Gauteng and NW Province

Fresh water is a life-or-death issue in many parts of the world.

Of a population of roughly 6.1 billion, more than 1 billion lack access to potable water. The World Health Organization says that at any time, up to half of humanity has one of the six main diseases; diarrhea, schistosomiasis, or trachoma, or infestation with ascaris, guinea worm, or hookworm – associated with poor drinking water and inadequate sanitation. About 5 million people die each year from poor drinking water, poor sanitation, or a dirty home environment often resulting from water shortage.

China, with 1.26 billion people, is “the one area worrying most people most of the time,” says Marq de Villiers, author of the recently published “Water “. In dry Northern China, he says, “the water table is dropping one meter per year due to overpumping, and the Chinese admit that 300 cities are running short. They are diverting water from agriculture and farmers are going out of business.” Some Chinese rivers are so polluted with heavy metals that they can’t be used for irrigation, he adds.

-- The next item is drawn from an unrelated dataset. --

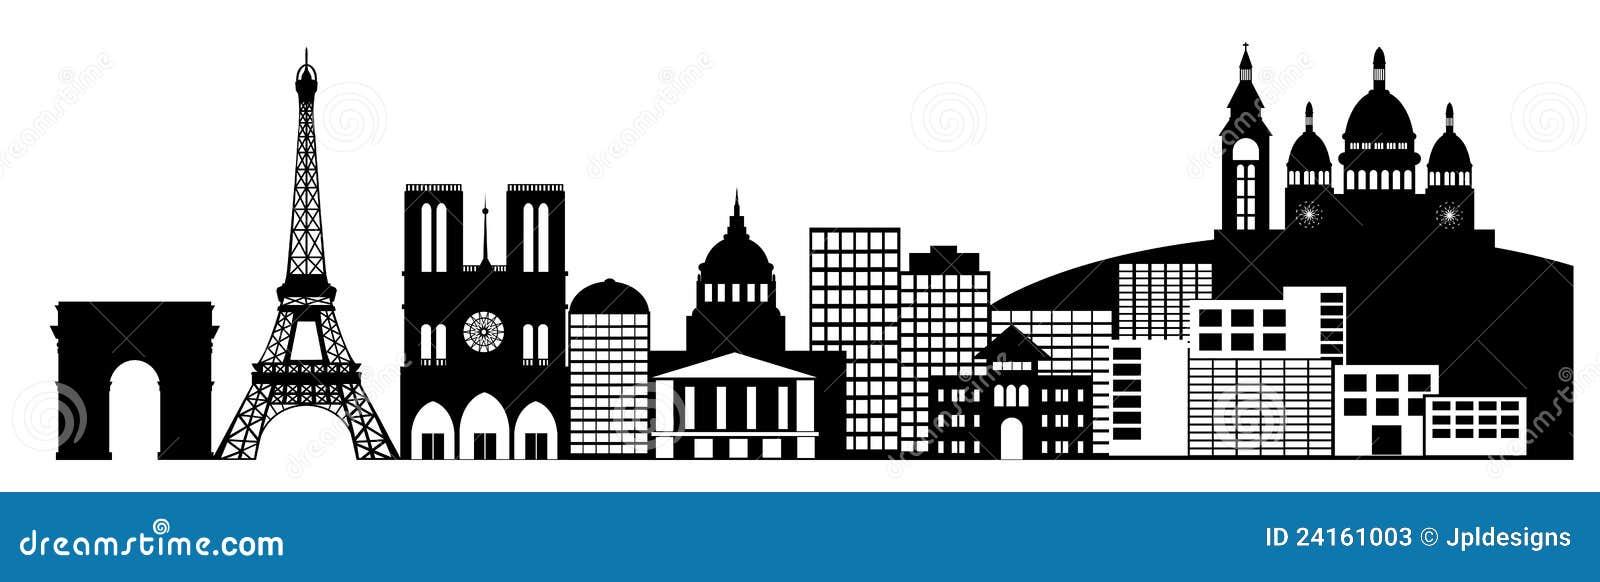 Paris france city skyline panorama black and white silhouette clip art

“They’re disgraceful, unusable, industrial sewers,” says de Villiers. As farmers go out of business, China will have to import more food.

In India, home to 1.002 billion people, key aquifers are being overpumped, and the soil is growing saltier through contamination with irrigation water. Irrigation was a key to increasing food production in India during the green revolution, and as the population surges toward a projected 1.363 billion in 2025, its crops will continue to depend on clean water and clean soil.

Israel (population 6.2 million), invented many water-conserving technologies, but water withdrawals still exceed resupply. Overpumping of aquifers along the coast is allowing seawater to pollute drinking water. Like neighboring Jordan, Israel is largely dependent on the Jordan River for fresh water.

Egypt, whose population of 68 million may reach 97 million by 2025, gets essentially no rainfall. All agriculture is irrigated by seasonal floods from the Nile River, and from water stored behind the Aswan High Dam. Any interference with water flow by Sudan or Ethiopia could starve Egypt.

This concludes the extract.